In the many months since the northern border closed to nonessential travelers in March 2020, officials stationed in border communities, like those in the North Country, have long advocated for a phased in approach to reopening the border.
U.S. Rep. Elise Stefanik (R-Schuylerville) just last week called on the Biden Administration to unilaterally ease restrictions if a bilateral plan is not in place before June 21 and Assemblyman Jones has asked New York State to begin vaccinating Canadian truck drivers, who have continued to make daily trips into the U.S., to help speed up Canada’s vaccine rollout.
According to Politico, Trudeau announced during a virtual event hosted by the St. John’s Board of Trade that Canada was looking at how they would “start welcoming up tourists in a phased way,” but noted travelers should be fully vaccinated before entry.
Attendees of Blair’s recent virtual meeting said the public safety minister referenced the possibility for those partially and fully vaccinated to cross the border, but noted those with only partial vaccination may face greater restrictions, Politico reports.
The North Country Chamber of Commerce Tuesday welcomed the reports, saying the elimination of quarantine requirements for fully vaccinated travelers was one measure on the table and noting the U.S. Government was considering other such actions.
“These reports are providing some long-sought hope for the start of a phased reopening process,” North Country Chamber of Commerce President and CEO Garry Douglas says in a chamber release. “Clearly, strong recent progress in the vaccination efforts in Canada as well as in the U.S. has helped.”
Douglas referenced recent calls from U.S. leaders, including Senate Majority Leader Charles Schumer and Northern Border Caucus Co-Chairs Stefanik and Brian Higgins, as well as “a growing chorus of calls within Canada.”
“We will continue to be part of these voices, openly and through all available private channels, while hoping we are seeing a first bit of light at the end of the tunnel. We note that President (Joe) Biden and Prime Minister Trudeau will be meeting in the U.K. at the G-7 summit on Friday. We hope the border will be a key subject, leading to some agreement, even if it involves differences at first.”
While Assemblyman Jones said the North Country had been patient, with summer months approaching he said it became more difficult to understand why the border was still closed.
“It is about time that our calls to reopen the border are answered, and I will continue to work with our federal representatives and the North Country Chamber of Commerce to make progress toward ending the border closure.”
Clinton County Legislator Chair Mark Henry (R-Area 3) said the county was very happy to see “encouraging signs” of loosened border restrictions.
“We have been too long without a plan. We are grateful for all of the advocacy on this crucial issue, especially from Congresswoman Stefanik, Assemblyman Jones, and the North Country Chamber of Commerce,” he said.
“We look forward to having our Canadian friends visit us here again and for us to be able to visit them as well.
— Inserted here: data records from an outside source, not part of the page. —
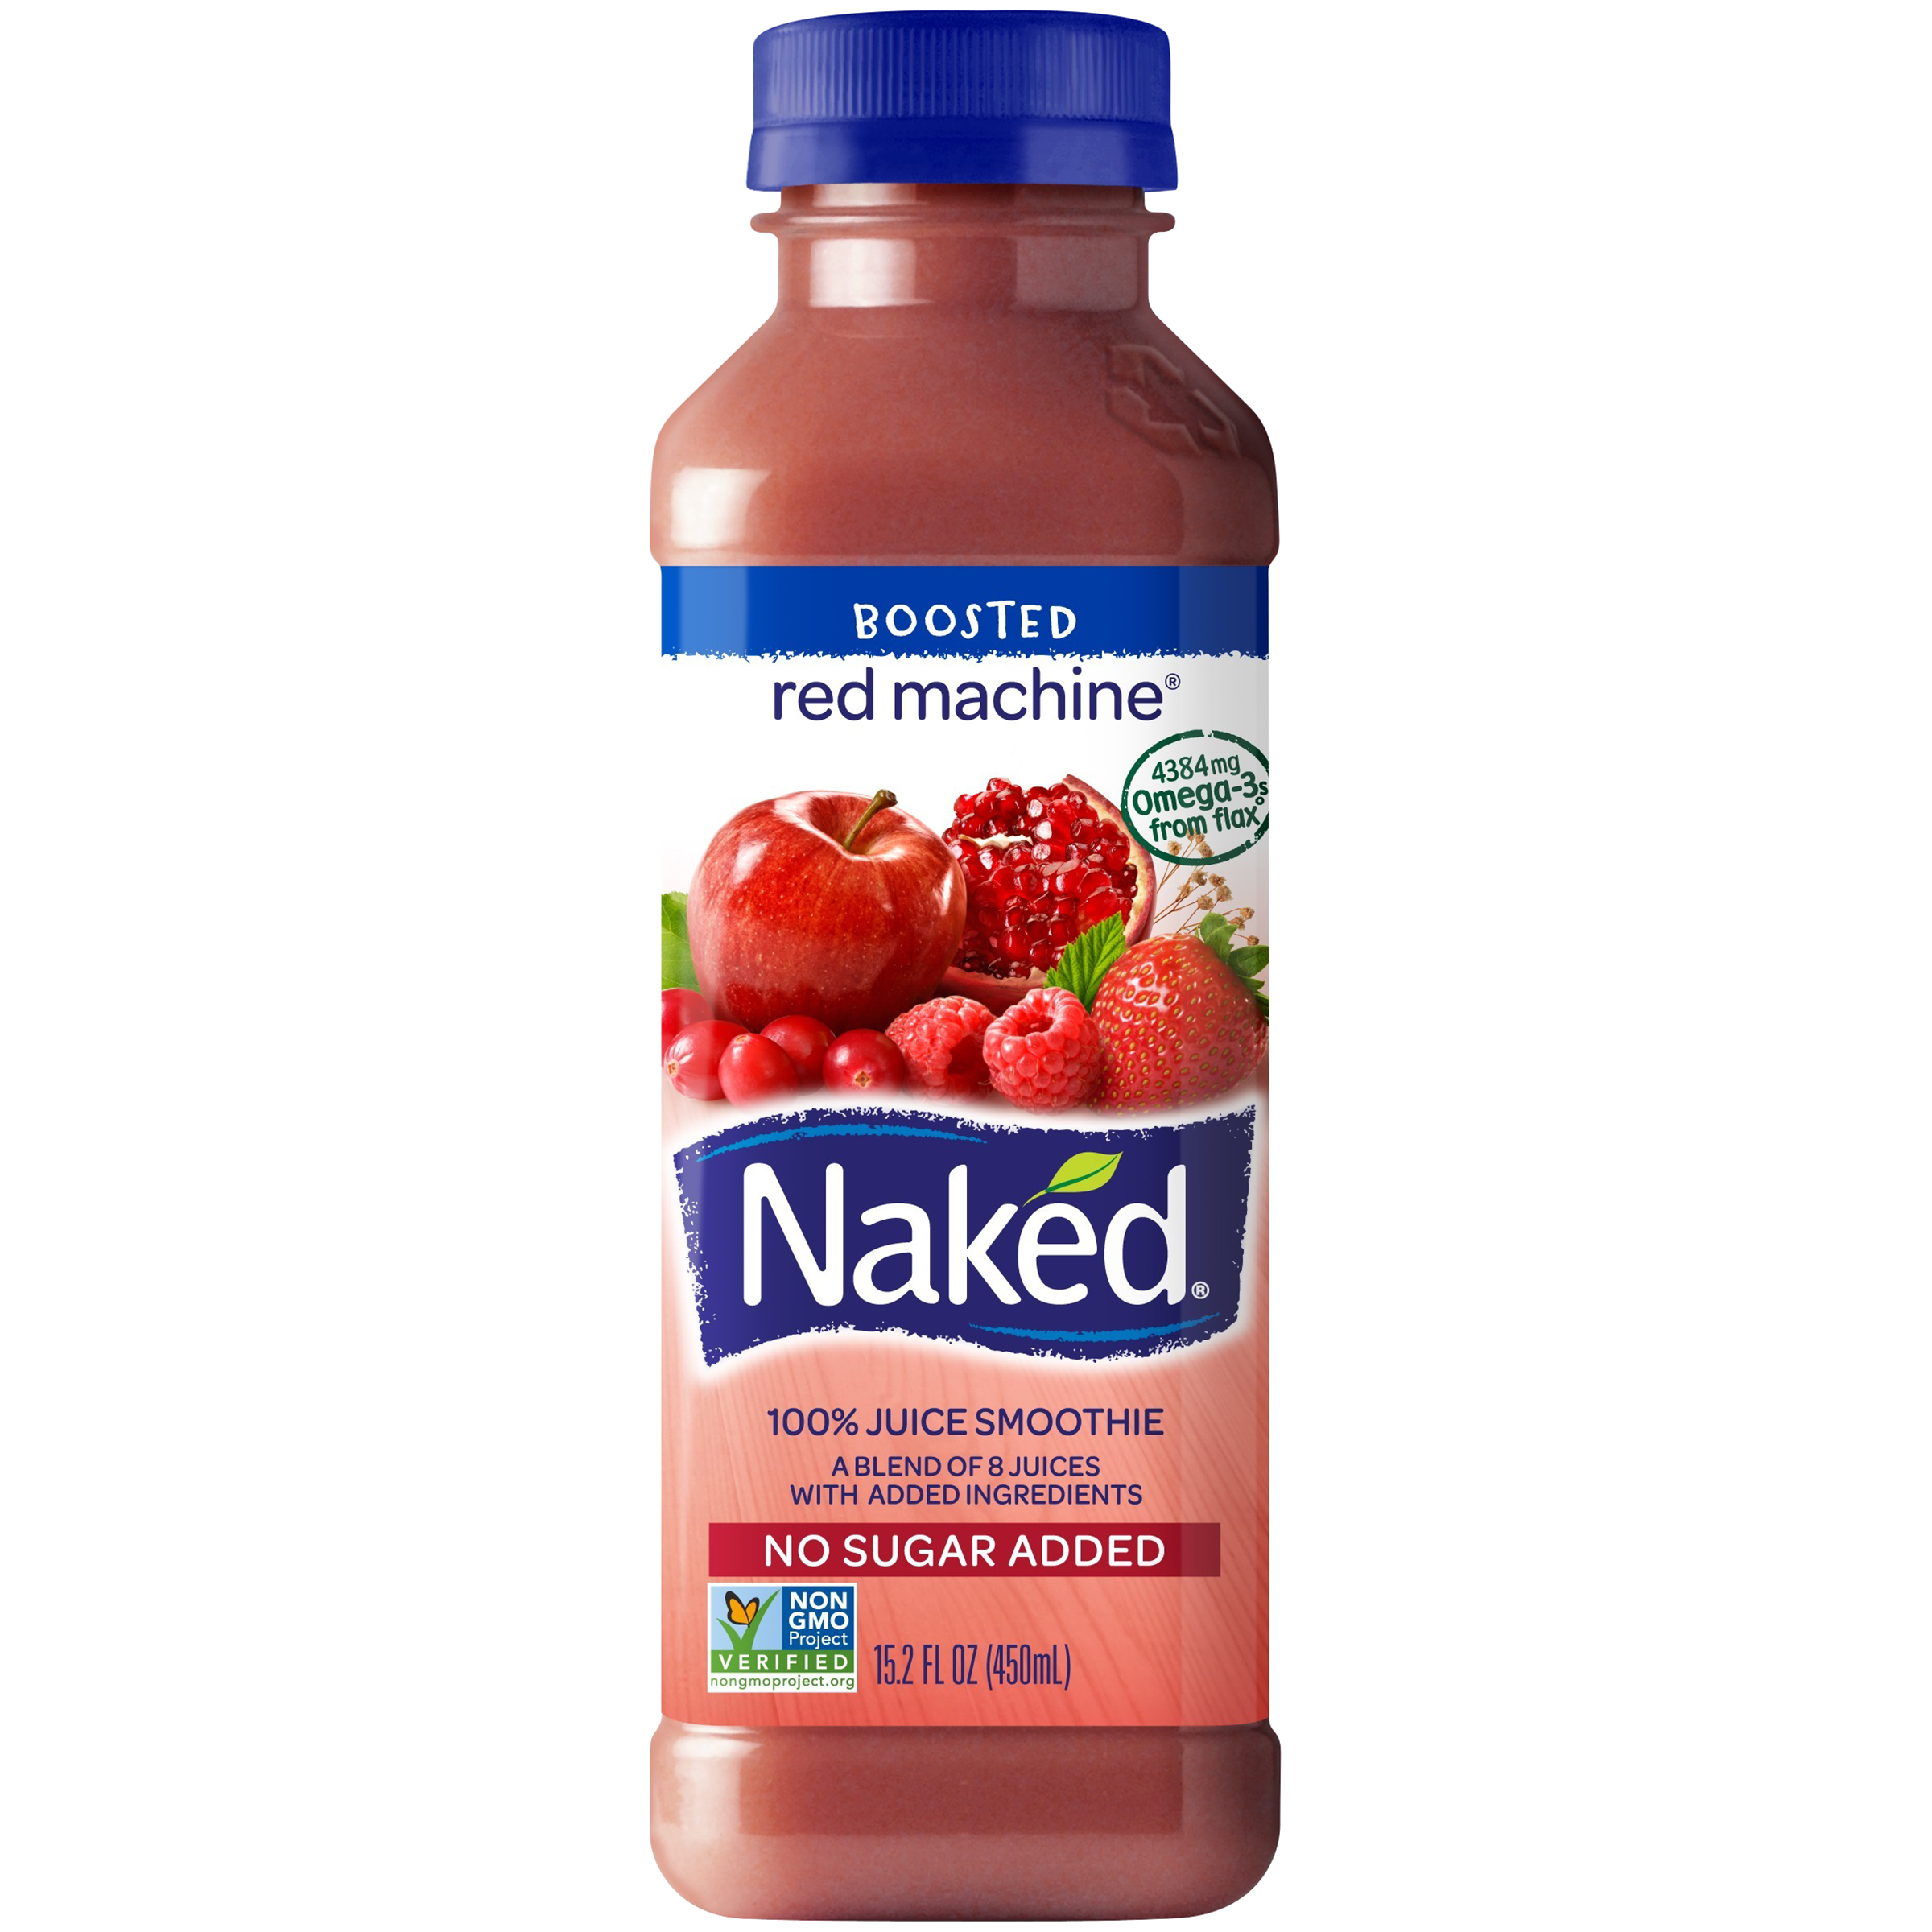 Naked Juice Berry Blast
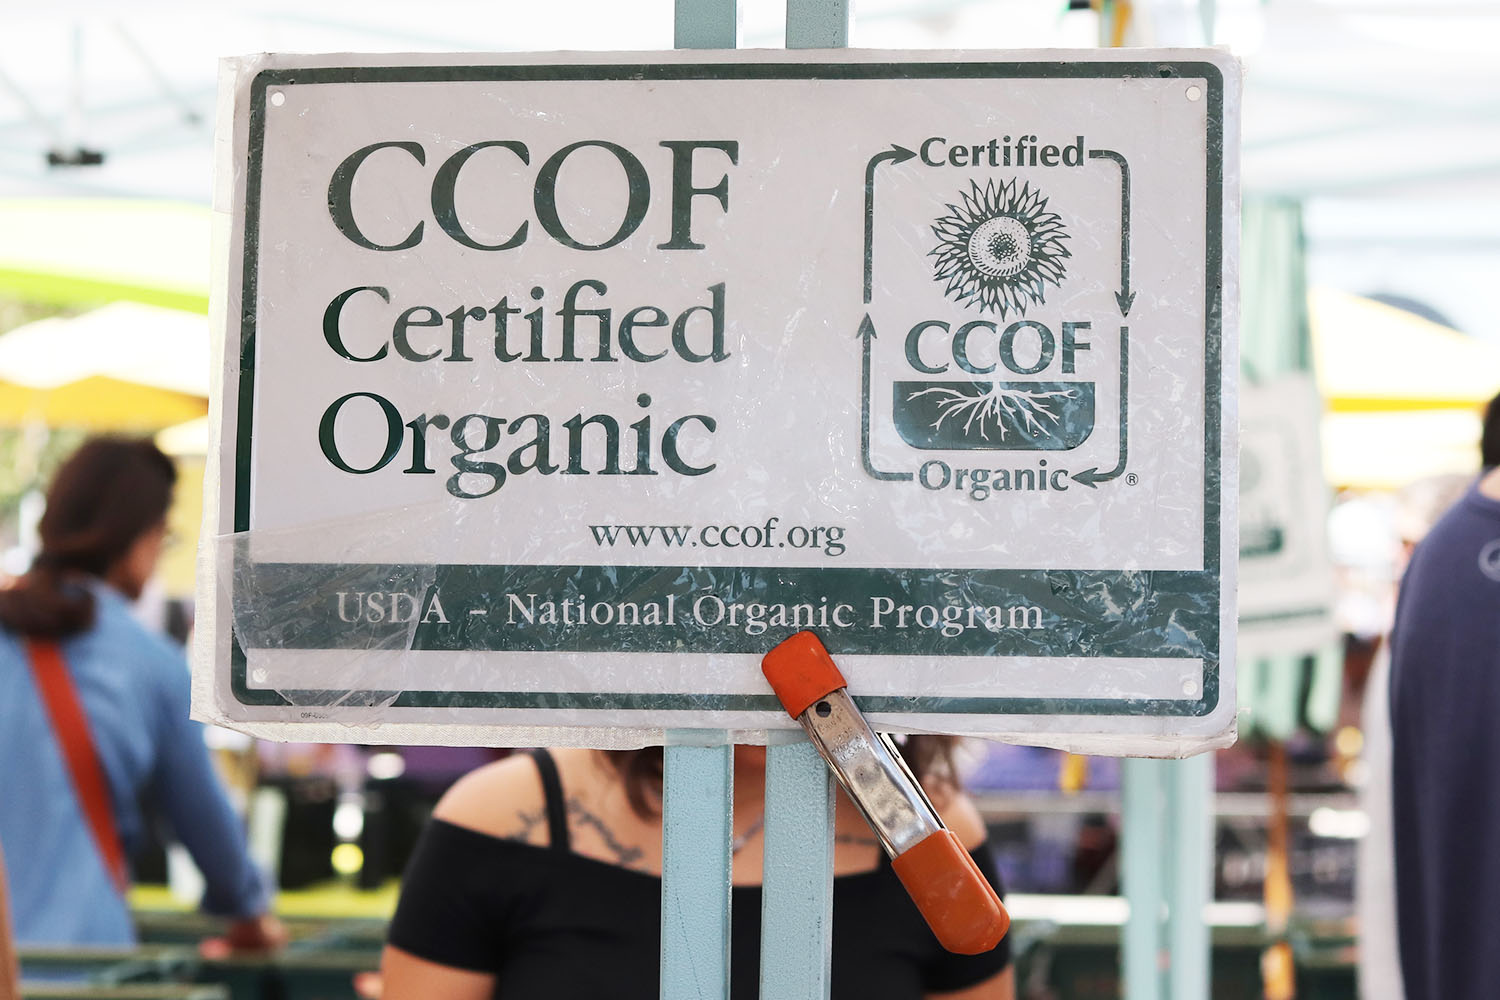 CCOF Certified Organic sign
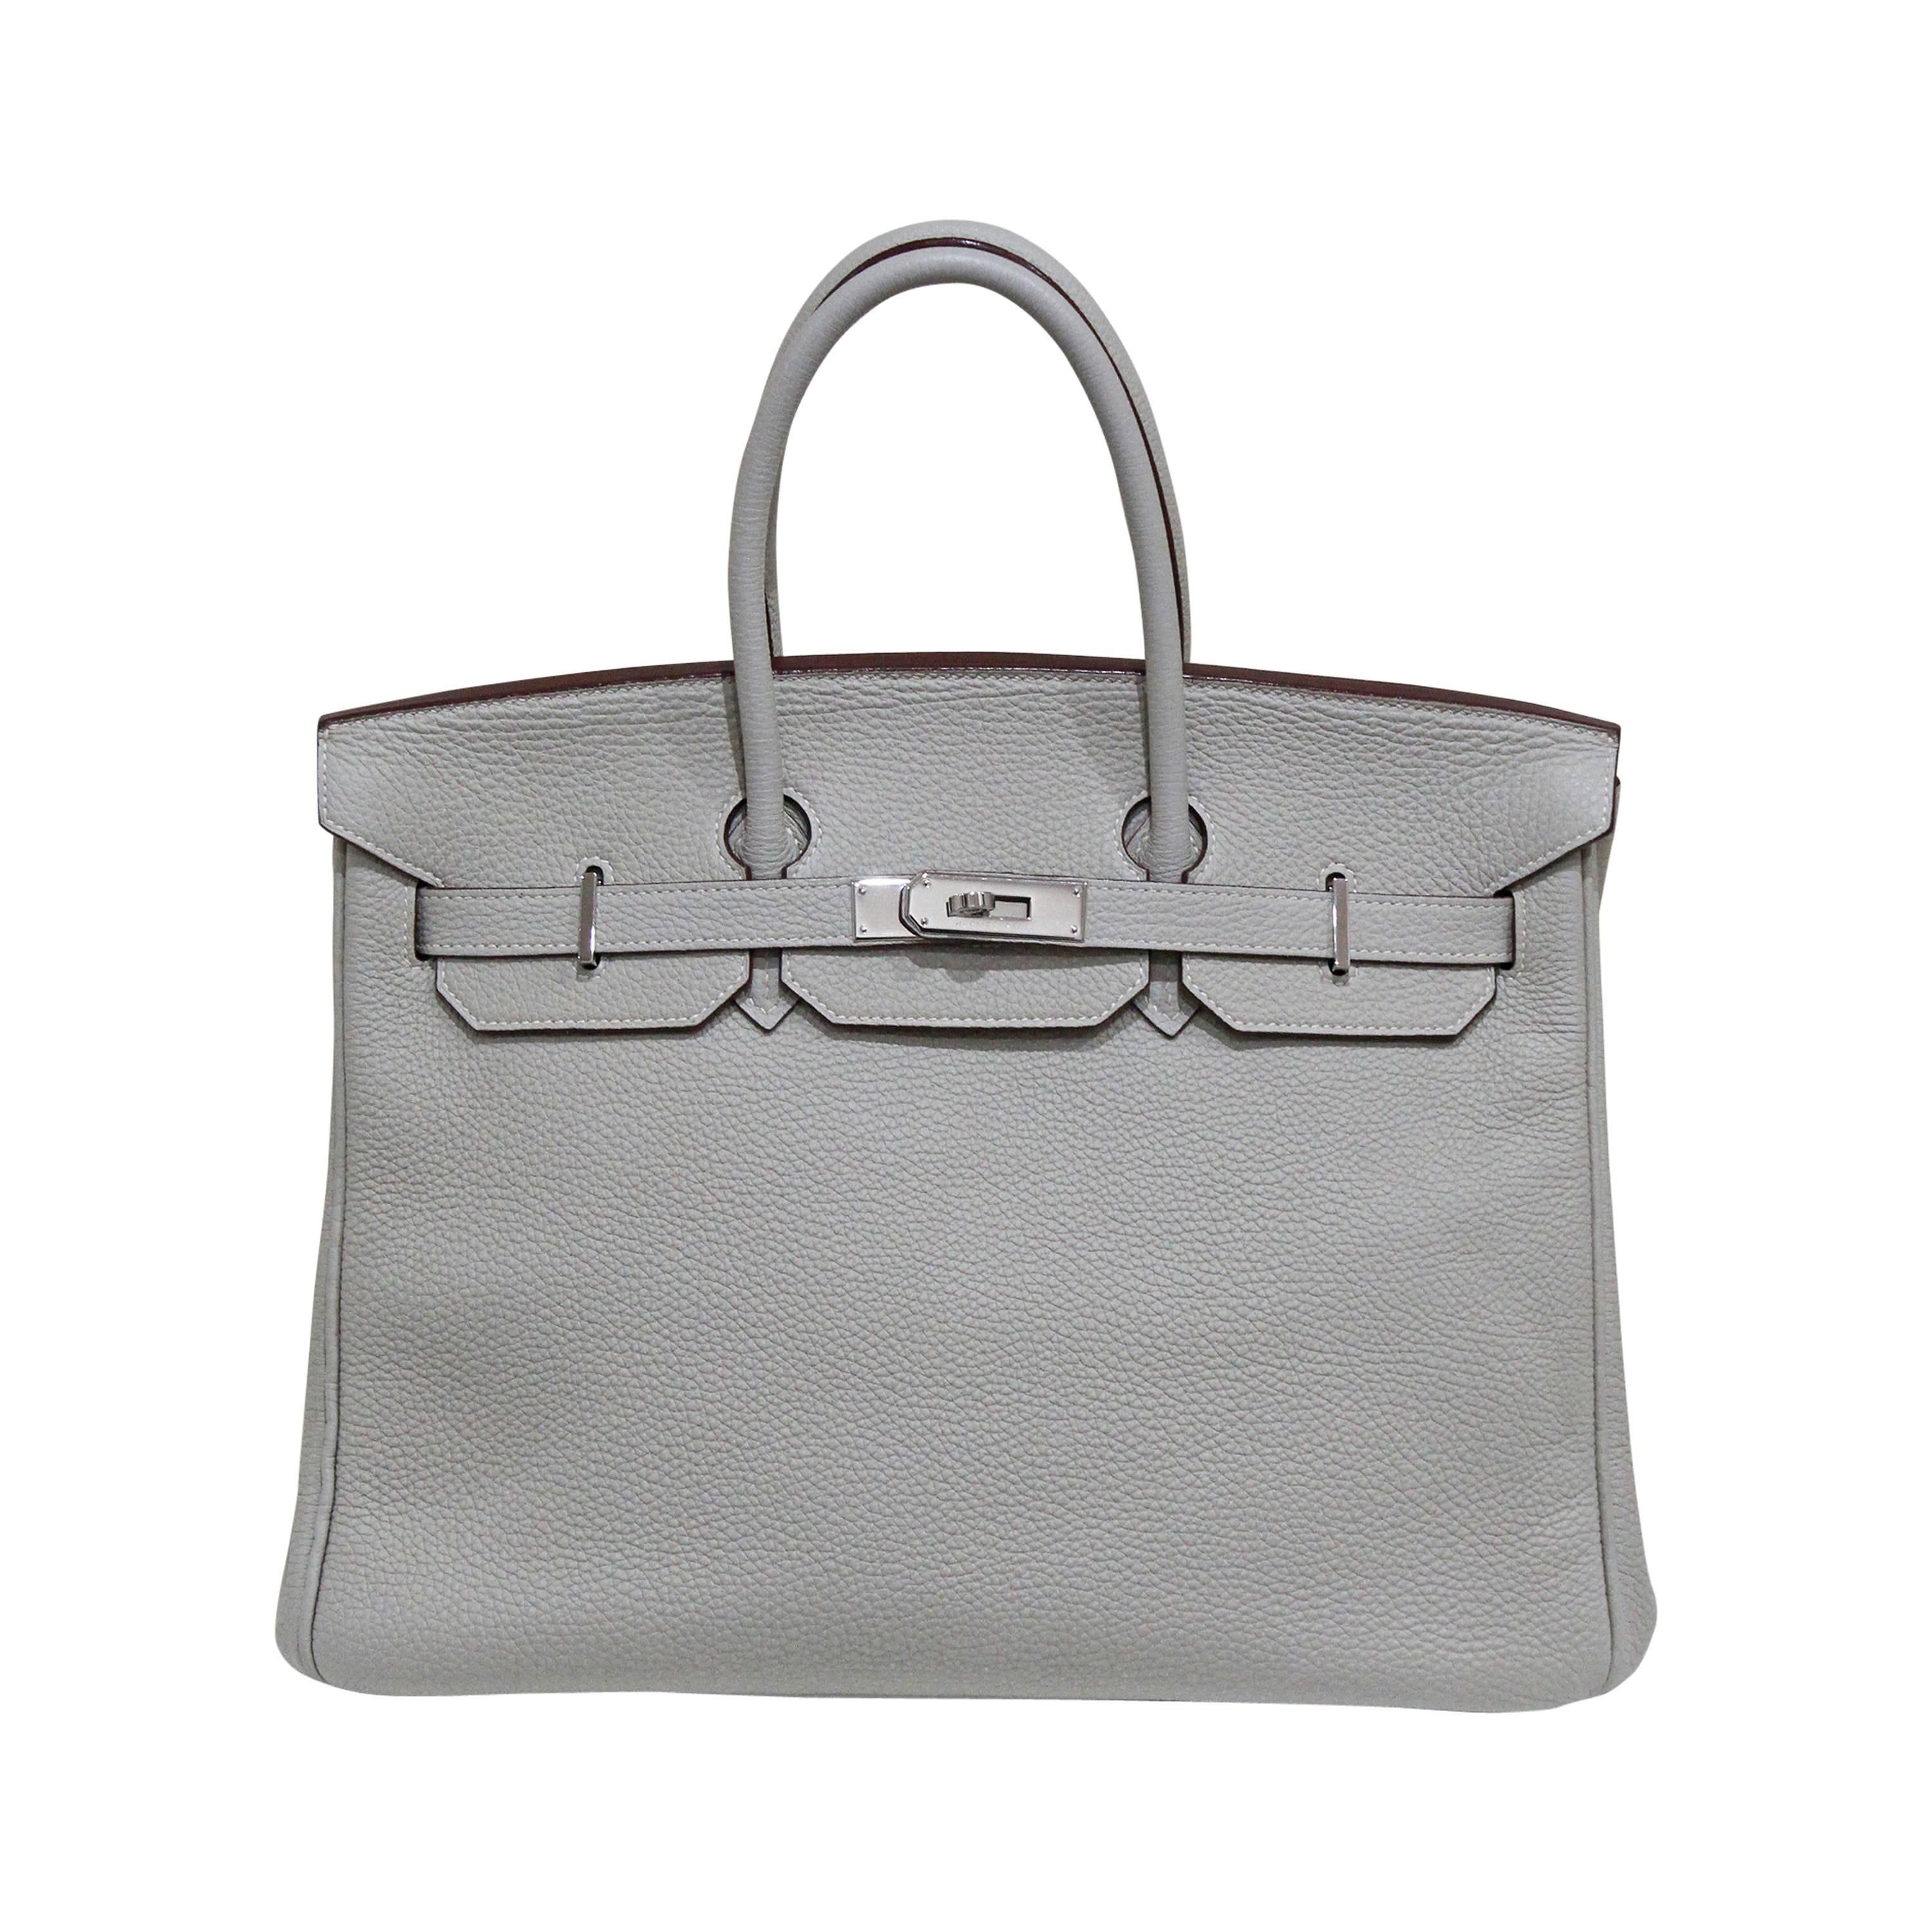 Hermes 35 cm Birkin Bag in Clemence Leather

This is great news for families, local business, and our regional economy.”
‘WITH OPEN ARMS’
Plattsburgh City Mayor Christopher Rosenquest saw the recent progress as a positive sign for the economies of both nations.
“The City of Plattsburgh and our region rely heavily on international and Canadian travel. We’ll remain cautiously optimistic that our Canadian neighbors will meet the necessary measures to open the border,” he said. “I also believe the sentiment remains that U.S. border communities can support Canadian vaccination efforts by sharing the doses we have.
“Let’s work together to get those essential travelers, property owners and other Canadians vaccinated. It simply makes sense.”
Town Supervisor Michael Cashman noted the region had sought a path forward from the beginning — and continued to.
“Plattsburgh continues to be ready to welcome our northern friends back with open arms.”